Well, there you have it, the best and the brightest videogames and game systems available. But we felt that there was just one more category that should be considered, and that was an overall rating of the various software manufacturers. We gauged all of the companies based upon how well they were able to consistently produce interesting games. Since the 2600 system has been around for the longest time, there was obviously a greater variety of companies and software to choose from for the purpose of evaluation.
With the 2600 as a base, we determined everyone’s position by using a percentage of good games. versus lesser games. Here, our only consideration was quality, and not price.

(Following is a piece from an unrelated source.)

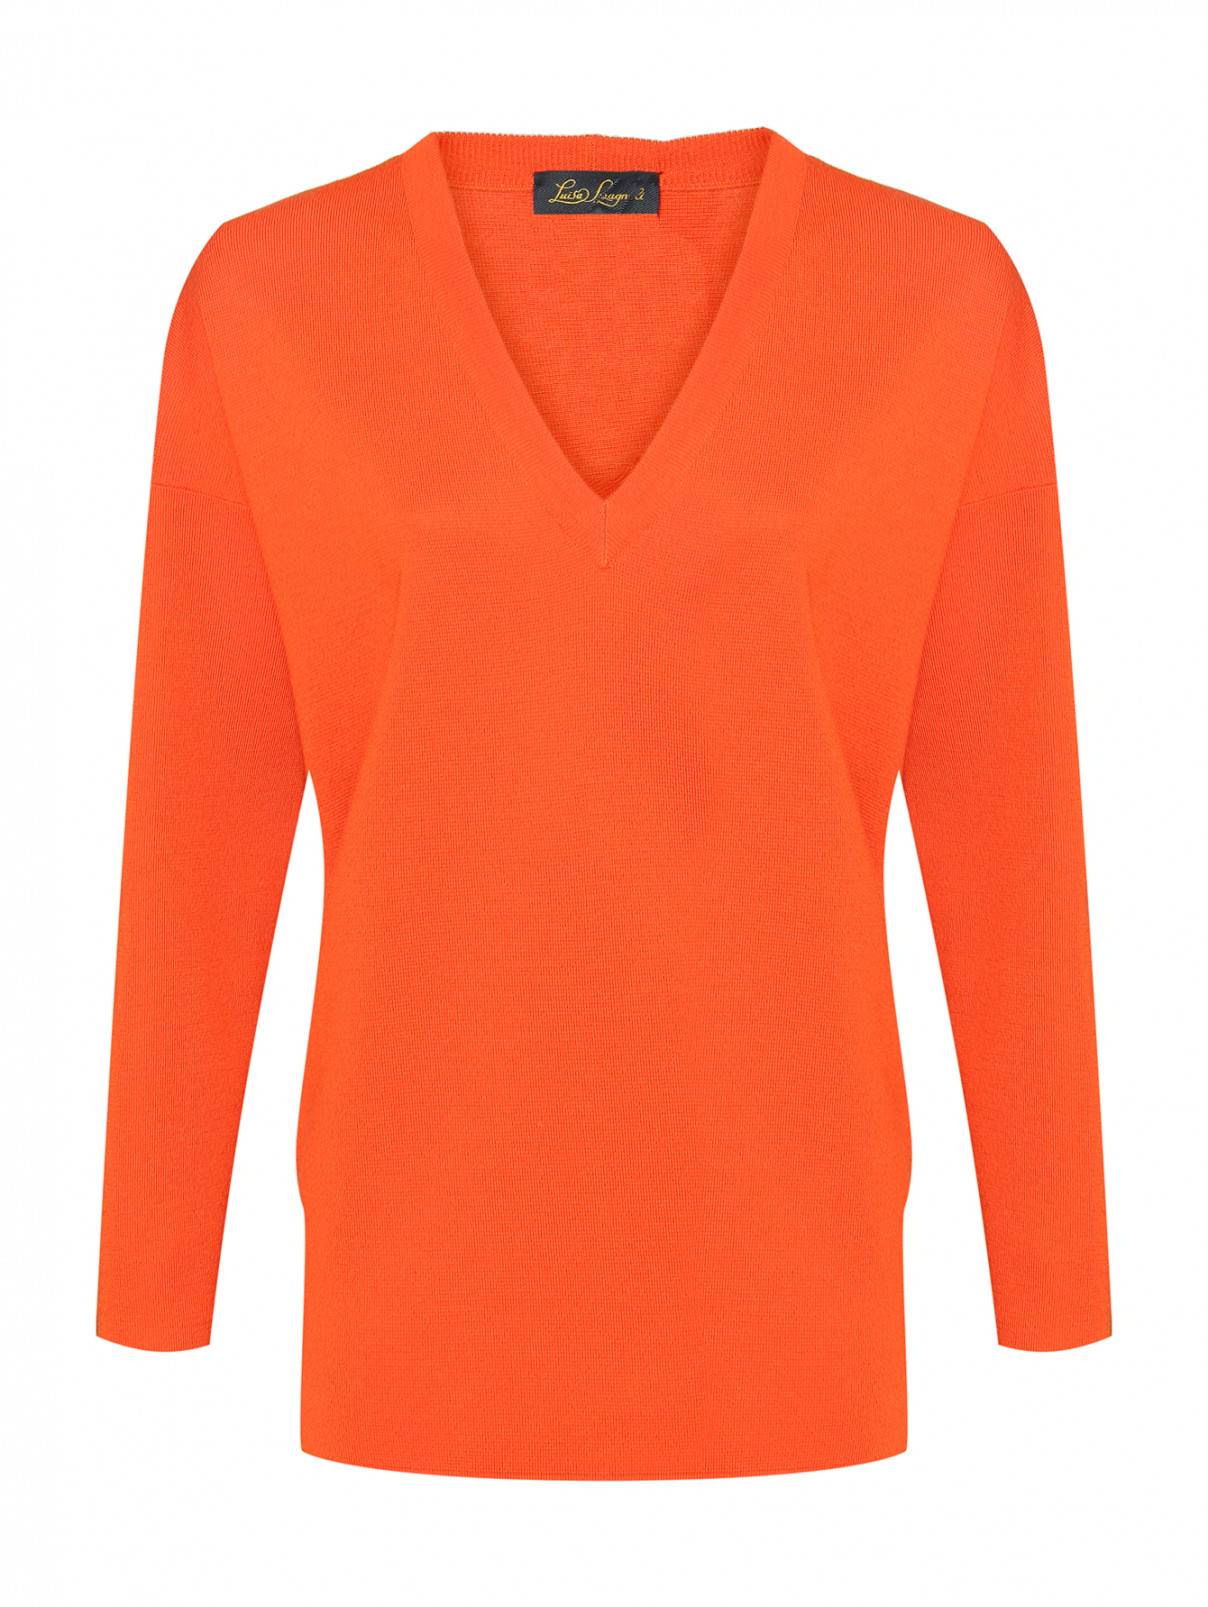 Джемпер из шерсти с V-образным вырезом и карманами Luisa Spagnoli  –  Общий вид  – Цвет:  Оранжевый

For some would argue (and did) that a mediocre M-Network game at $5.00 is better than a good Activision game priced at $30.00
Should a consumer buy a game “blind”, that is to say with no prior knowledge of the game, but only the manufacturer, (s)he has the best chance of getting a good game with Activision. Approximately 85% of all Activision games are quality. Imagic follows with 70% of their games worth buying.

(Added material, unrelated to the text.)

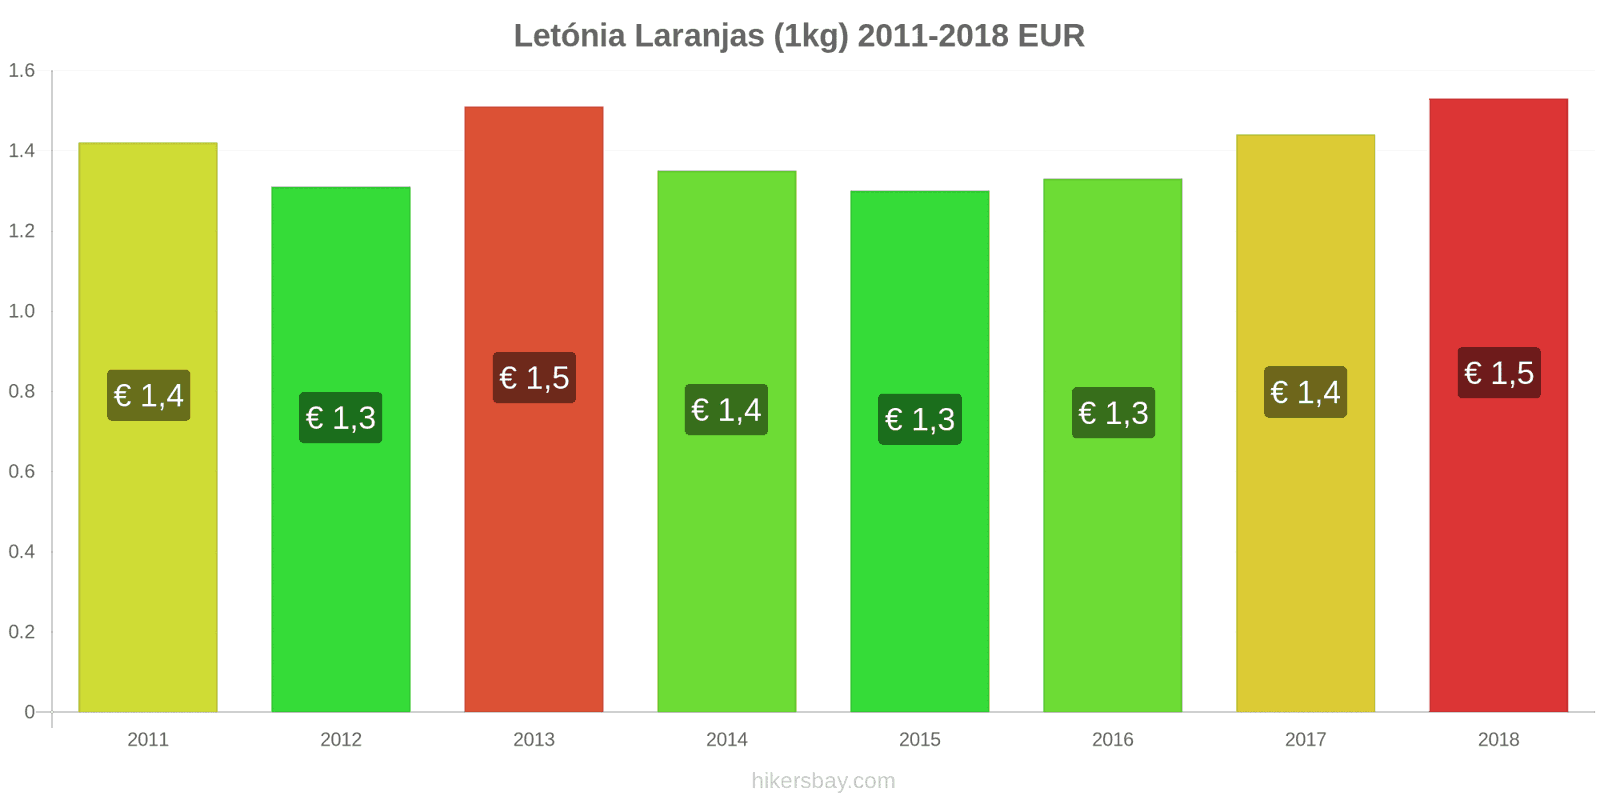 Letónia mudanças de preços Laranjas (1kg) hikersbay.com

The defunct Telesys games are next in line, with about 60% of their output being recommendable. Data Age (which also went Chapter 11) also runs about 60%. Midway down the list is the giant Atari at 50%. Atari has such a low rating because, while they have produced a far greater wealth of games, they have had as many turkeys as hits. Perhaps if some of the other companies had produced as many games as Atari, they would also have a lower percentage of hit games.
Parker Brothers and CBS tie at 35%, while Apollo Games comes in at 30%. Just under them at 25% is Tigervision. With a whopping 20% are three companies: M-Network, U.S. Games, and Spectravideo. At the bottom of the heap are the 20th Century Fox Games of the Century and Zimag at 10%. Any company not mentioned in this survey either does not deserve a rating, because they scored so low, or did not produce enough games to accrue an accurate score.
With many of the early leaders in the field dropping by the wayside, those that survive the videogame wars will surely be the best of the best, and will produce some fantastic games! Like the movie business, there will be fewer, but more carefully prepared, offerings. Unlike the movie business, the denominator will not be the “lowest common”…but the “highest possible.”
Does that sound overly optimistic? Perhaps it is. But we have the highest hopes for the future of videogaming; we take a great deal of pride in its past.
Videogaming will continue to bring families and friends together for an active, rather than a passive purpose. Videogames provide the handicapped and the institutionalized with a measure of relief—call it an escape if you like—an outlet for energies, a goal toward which to work. Video or computergames can become the equalizer between children of unequal athletic or academic abilities. They provide a painless first step into the world of computers.
And they’re fun. Or at least, we at VCI are sure that the best and the brightest will continue to be.